С созданием агроценоза в зоне степей, по-видимому, пришла пора подумать и об изменении климатического статуса. Коренном изменении, которого не может дать никакое обводнение засушливых районов водами северных рек. Мало того, что их поворот к югу грозит многими и серьезными опасностями ухудшения климатических условий, сама по себе ирригация при огромной дороговизне устройства и содержания системы даст сравнительно небольшой выигрыш. Если не даст в конечном счете проигрыш за счет засоления почв на огромных площадях. Во всяком случае, специалисты от этого «поперечного» проекта ничего хорошего не ждут.

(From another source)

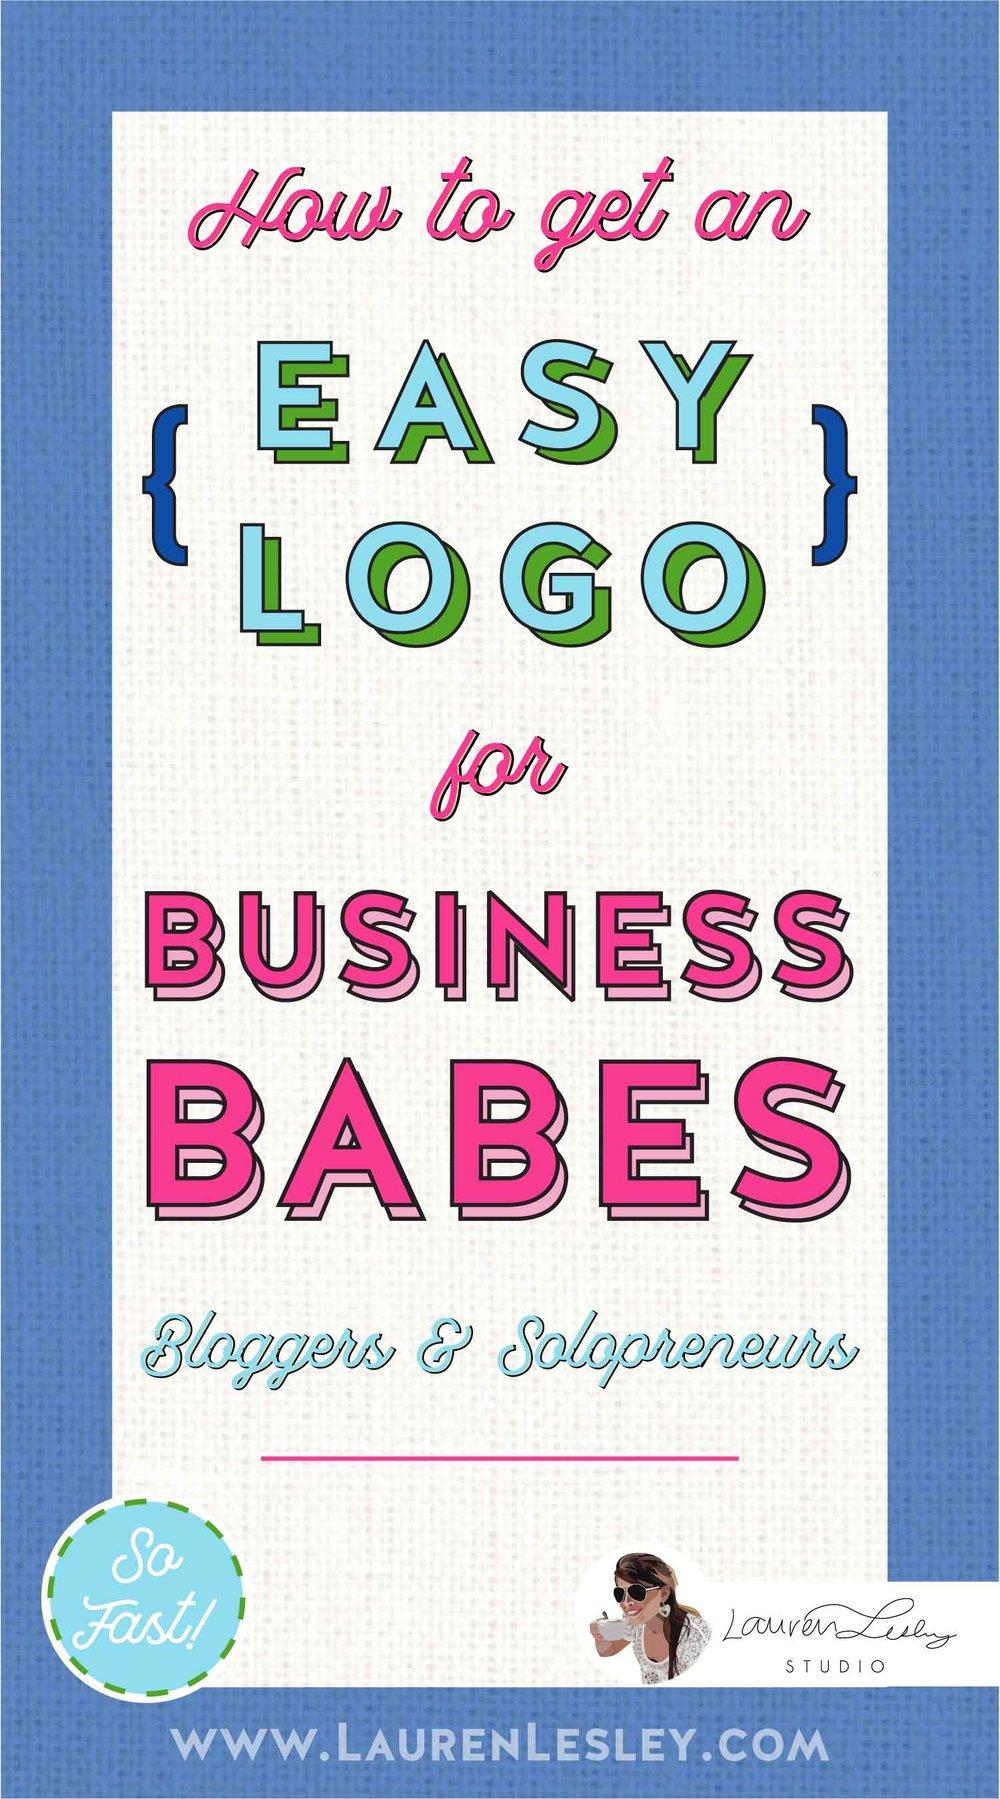 Hair Stylist Logo Entrepreneur Solopreneur Logo Business Babes

А может быть, стоит все-таки решить проблему «по диагонали» – с использованием естественных свойств биогеоценозов? А именно, создания в степях повсеместно разветвленной системы лесозащитных полос. Стоить это будет, по-видимому, ничуть не больше, чем поворот северных рек, зато проблема решается кардинально и глобально. В первые два десятка лет лесозащитные полосы будут действовать как щиты снегозадержания и экономного распределения весенней влаги на окружающие поля. Известно, что поля, окруженные лесозащитными полосами, дают вдвое большие урожаи зерновых, чем голые. Одна эта прибавка окупит все расходы.
В последующие годы за счет неизбежного влияния лесных полос на выравнивание температур почвы как зимою, так и летом неминуемо произойдет и смягчение климатических условий степных зон. Не так страшен, да и не так уж мощен будет Сибирский антициклон – его жестокие ветры будут пролетать над вершинами деревьев, не выдувая, не вымораживая почву. Впрочем, и жестокость ветров намного снизится за счет ослабления самого высокого давления. А даваемая деревьями тень и снабжение сэкономленной влагой почвы летом ослабит и эффект «костра» степных земель, следовательно, сюда сможет проникать больше влажного воздуха, чем нынче.

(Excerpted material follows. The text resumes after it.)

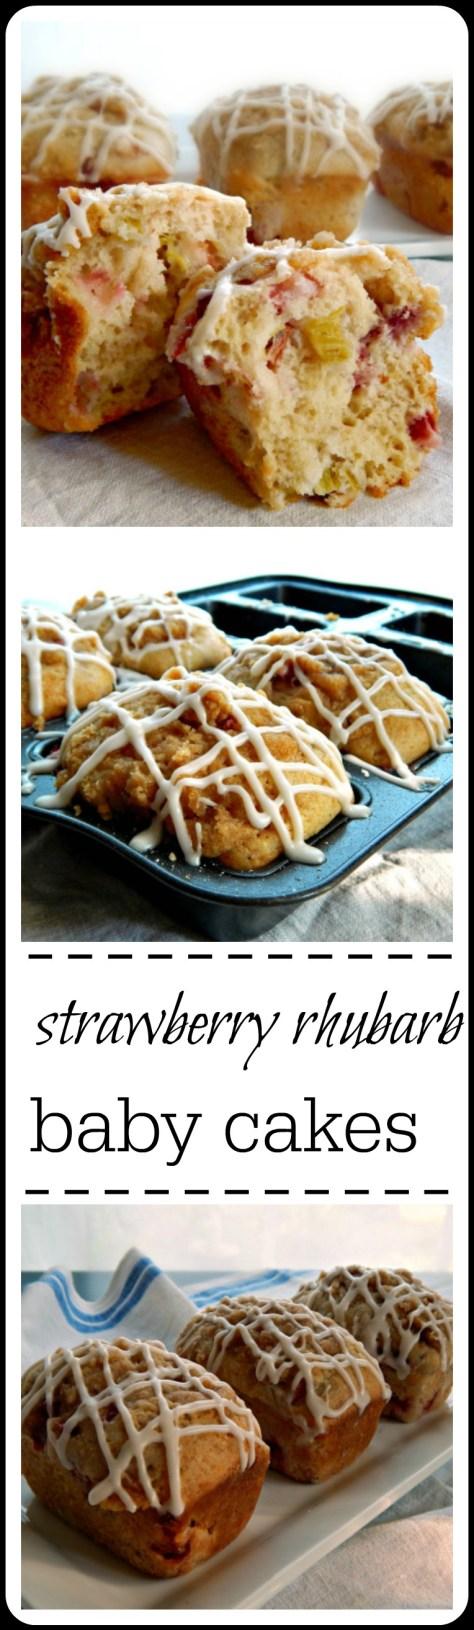 strawberry rhubarb babycakes

Все это вместе взятое позволит получить такое количество равномерно распределенной по полям влаги, какого не даст никакая ирригационная система. А главное, лесозащитная система будет работать на урожай века, постепенно смягчая климат. И степные растения в этом случае смогут двинуться в наступление на граничащую со степями пустыню. Не заказано такое наступление и людям, нуждающимся в расширении пахотных и пастбищных угодий.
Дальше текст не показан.